What I’ve learned so far is that if I want to keep writing books, I don’t try to create a perfect schedule. When things are unpredictable, I write wherever I am and whenever I can and I’m just so grateful that I get to create stories every day.

SunLit: The setting and weather play a large role in this book. Can you describe how you wrote about the snowstorm in this novel?

Payne: I have lived through a similar snowstorm myself as have many of my fellow Coloradoans. The storm of 2003 dumped seven feet of snow and trapped us in our house for a week without heat or electricity until we were able to snowshoe down the driver of a front-end loader and hire him to come and dig us out. 

Much like Marlene, years later I’m still telling stories about that storm. So, I had my own memories of the cold and dark to work from when developing the storm in “The Night of Many Endings” and it was fun to make it come alive on the page.
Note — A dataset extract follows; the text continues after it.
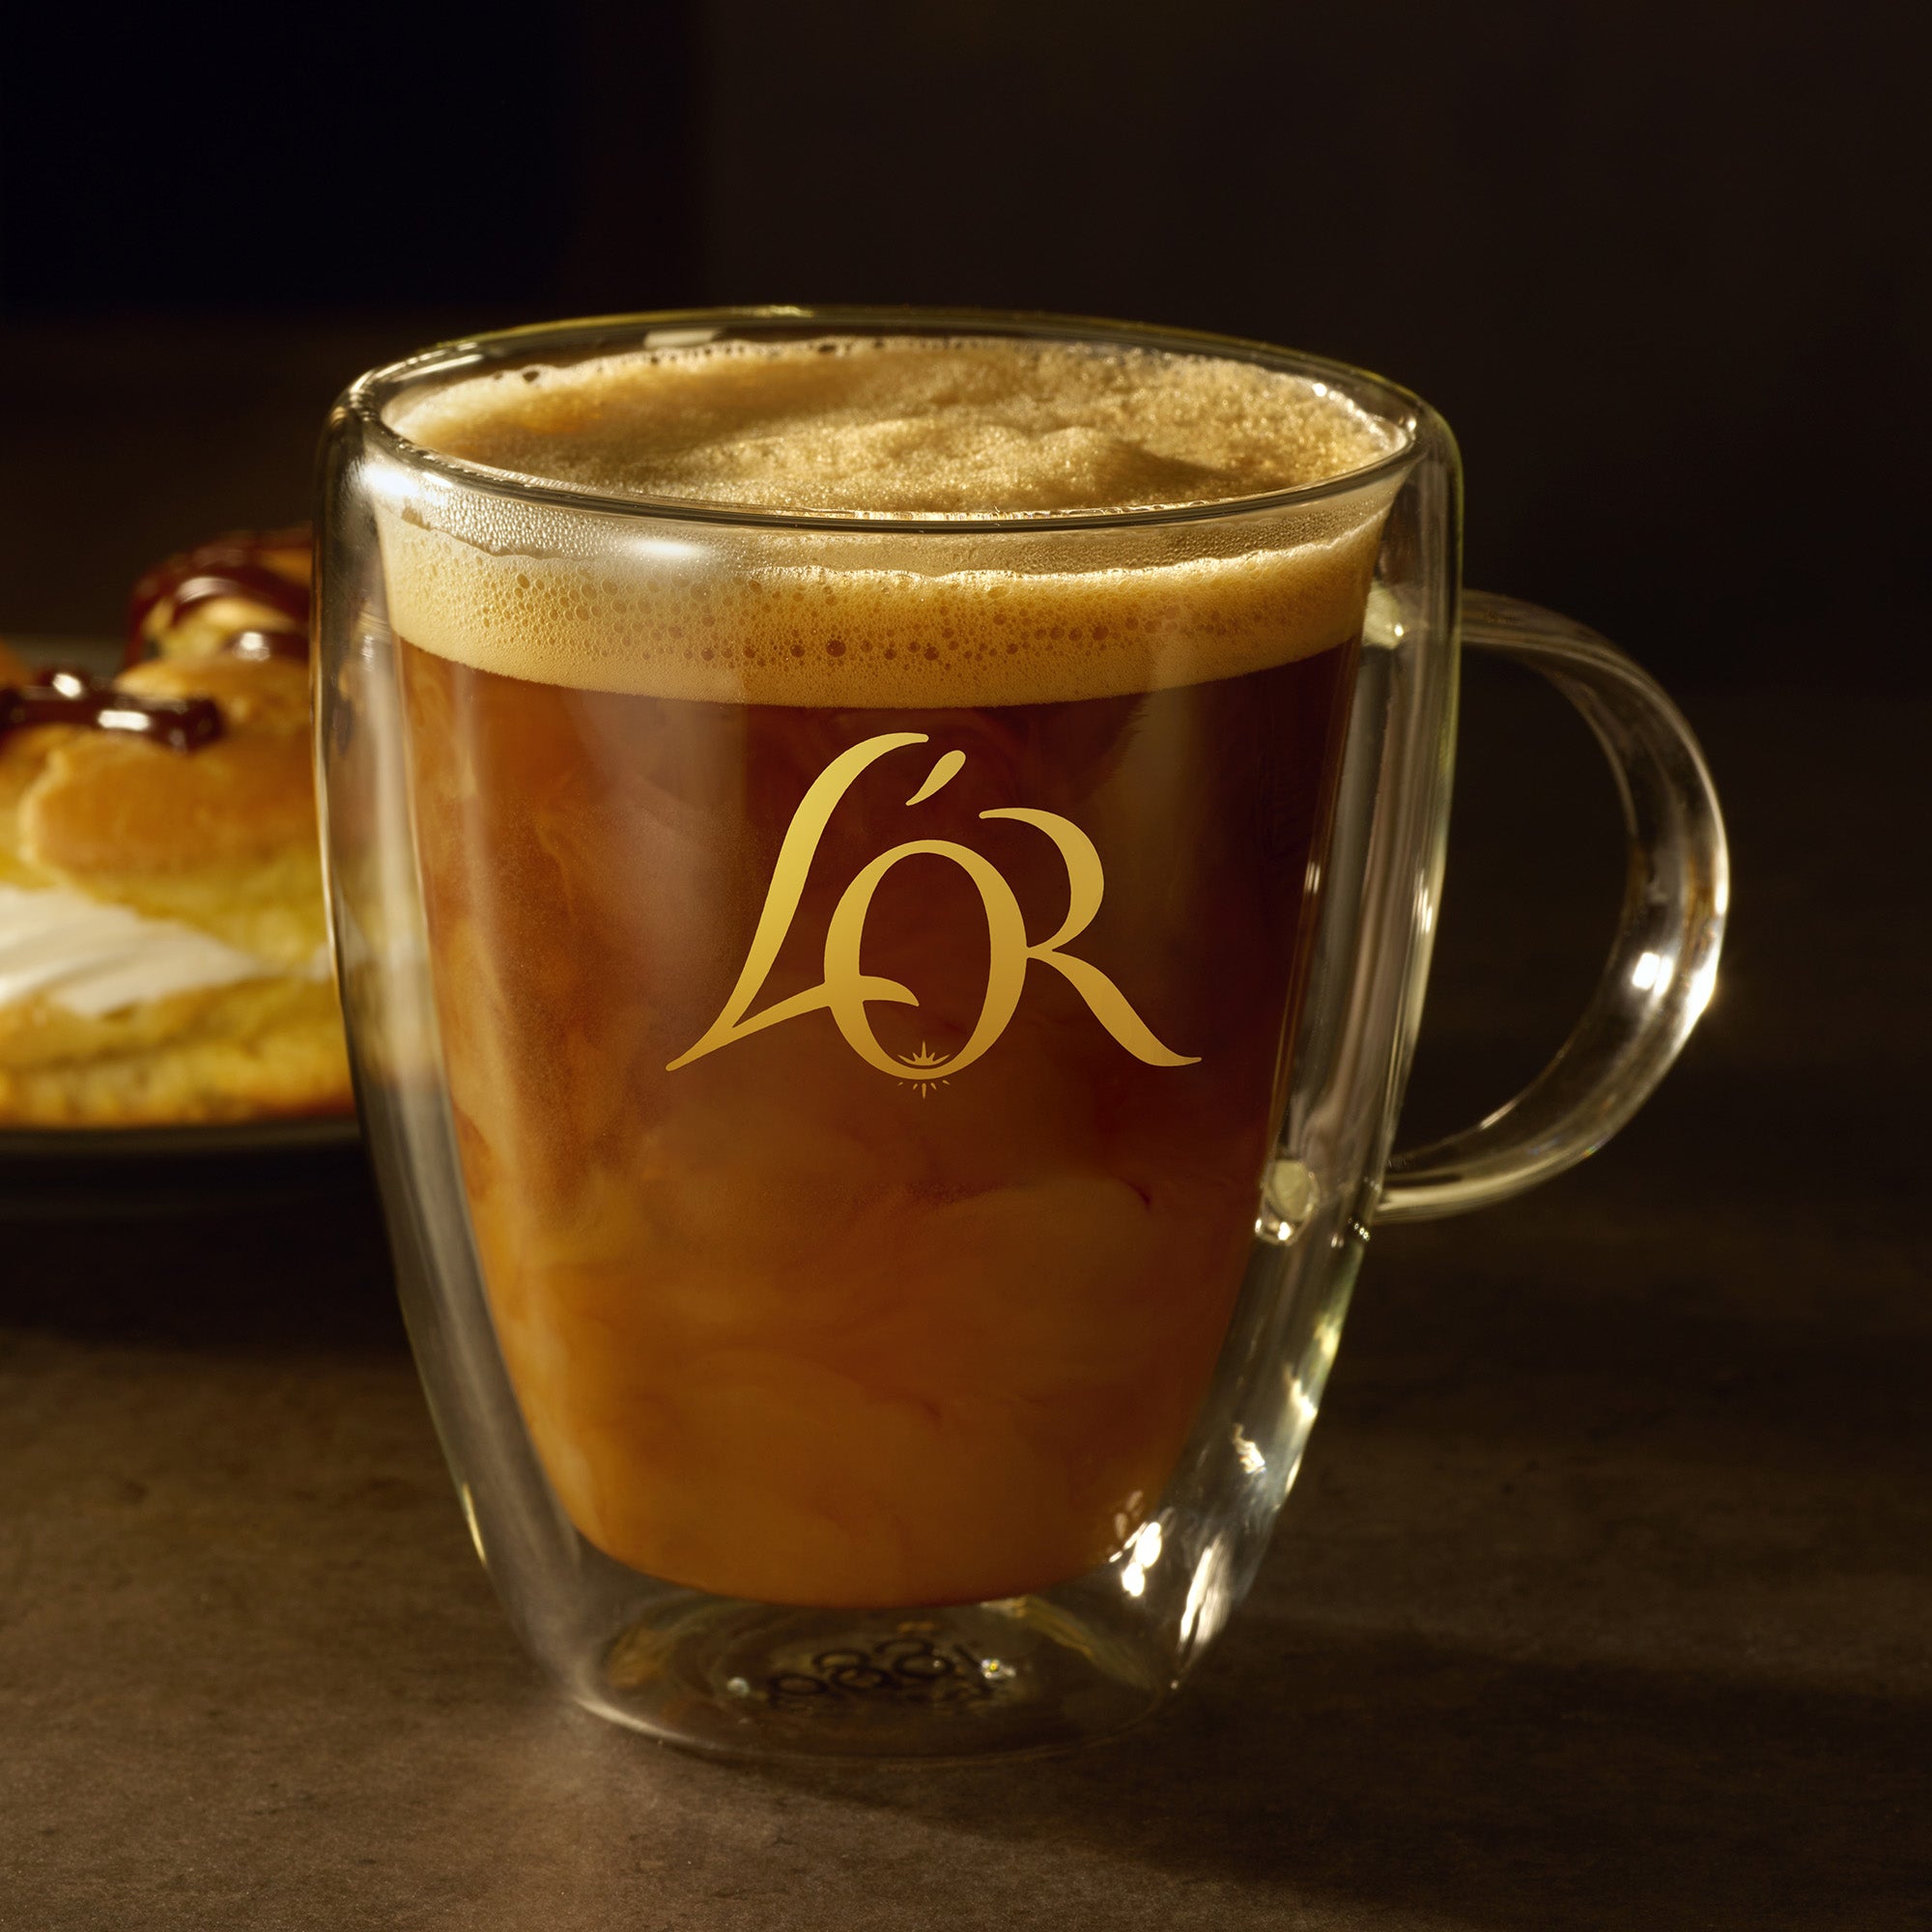 3 oz. Small Espresso Cups Double-Wall Borosilicate Glass Coffee

And perhaps a little more tolerable to experience it in writing instead of in real-life. 

SunLit: Tell us about your next project.

Payne: I’m excited to announce that my next book, “A Light in the Forest,” comes out December 13. It brings back a touch of the magical realism that so many readers loved in my first book, “The Secrets of Lost Stones,” along with a host of lively characters and a couple of escaped pigs.  

Vega Jones escapes an abusive relationship with nothing but her two-month-old baby and the van she grew up in. Her destination is a small Ohio town her late vagabond mother left years ago. It’s one full of nobodies, her mother warned. That makes it the ideal refuge for Vega to lie low, feel safe, and maybe learn more about a past her mother never spoke of.

Vega warms to the town and to new acquaintances like Heff, the young deputy and artist who prefers his yard art to actual policing, and empathetic Eve, a local farmer whose near-death experience gave her more than just her life back. But even in this welcoming community, there’s an undercurrent of something unsettled, talk of a tragedy that unfolded in the woods years ago, and a mystery connected to Vega in ways she couldn’t have anticipated.

As a mother on the run and following a path of mounting risks and illuminating secrets, Vega discovers that even during the darkest of times, there’s light in unexpected places.